Estudo identifica dois anfíbios marinhos gigantes que viveram há 250 milhões de anos

Espécies foram encontradas na Austrália décadas atrás, mas só passaram por análise detalhada a partir de 2024

Fósseis localizados no noroeste da Austrália revelaram a existência de dois anfíbios marinhos de grandes proporções que habitaram o planeta há cerca de 250 milhões de anos.

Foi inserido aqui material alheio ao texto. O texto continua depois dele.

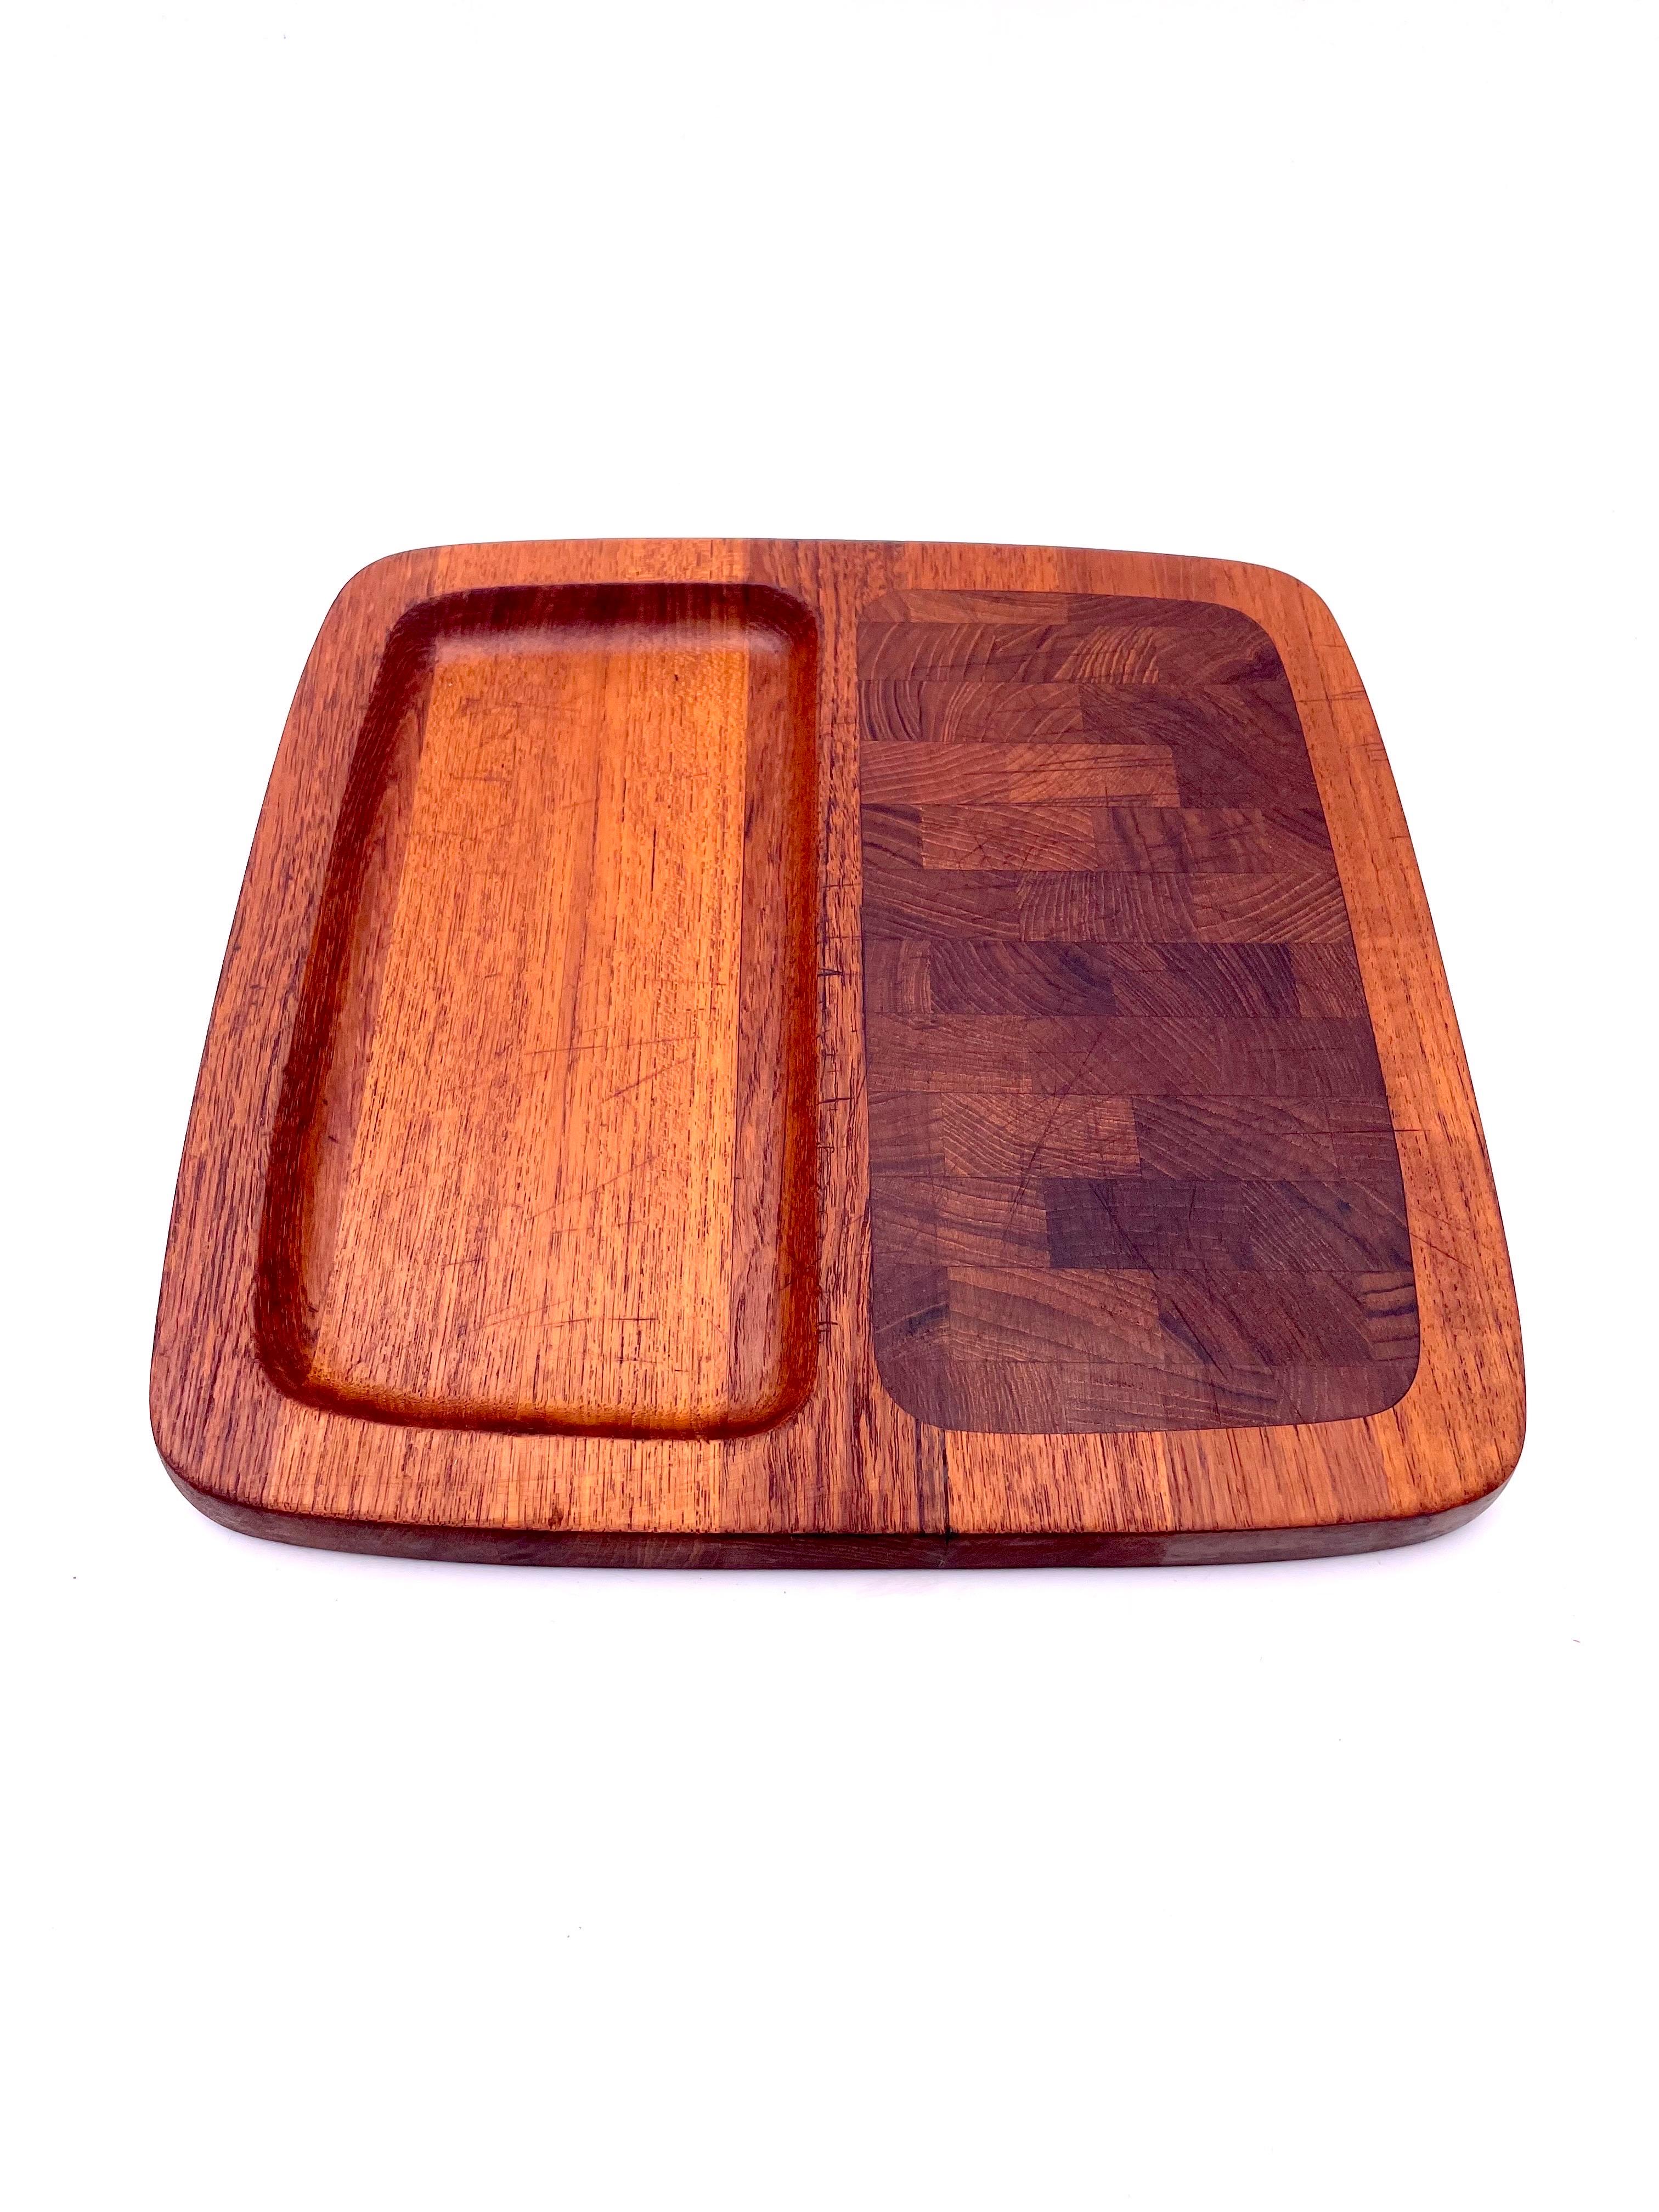 Scandinavian Modern Danish Modern Solid Teak Cheese and Crackers Tray by Dansk Quistgaard For Sale

Os materiais foram coletados entre as décadas de 1960 e 1970, na região de Kimberley, mas acabaram extraviados por anos, o que atrasou investigações mais aprofundadas. A análise detalhada só teve início em 2024.

Os animais pertencem aos gêneros Erythrobatrachus e Aphaneramma e viveram no começo da Era Mesozoica, período que sucedeu a grande extinção do fim do Permiano. Eles fazem parte de um dos primeiros grupos de vertebrados com membros adaptados à vida marinha, tornando-se predadores dominantes nos ambientes aquáticos do início do Triássico.

A pesquisa foi conduzida pelo Museu Sueco de História Natural, em parceria com o Museu da Austrália Ocidental e universidades dos Estados Unidos. Os resultados foram divulgados na revista Journal of Vertebrate Paleontology.

Inicialmente, acreditava-se que os fragmentos pertenciam a uma única espécie, chamada Erythrobatrachus noonkanbahensis, integrante do grupo dos temnospondilos trematossaurídeos — parentes distantes das atuais rãs e salamandras. Esses anfíbios podiam alcançar até dois metros de comprimento e apresentavam características corporais semelhantes às de crocodilos.

Com o uso de técnicas modernas de alta resolução, os cientistas constataram que os ossos pertenciam, na verdade, a dois gêneros distintos: Erythrobatrachus e Aphaneramma. O primeiro possuía crânio largo com cerca de 40 centímetros. Já o segundo apresentava crânio de tamanho semelhante, porém com focinho mais longo e estreito, adaptado à captura de peixes pequenos.

Apesar de compartilharem o mesmo ambiente aquático, os dois predadores tinham hábitos alimentares diferentes, o que reduzia a competição entre eles. Enquanto o Erythrobatrachus foi identificado apenas na Austrália, fósseis de Aphaneramma já foram encontrados em regiões que hoje correspondem ao Ártico escandinavo, à Rússia, ao Paquistão e a Madagascar, indicando ampla distribuição geográfica e diversidade ecológica.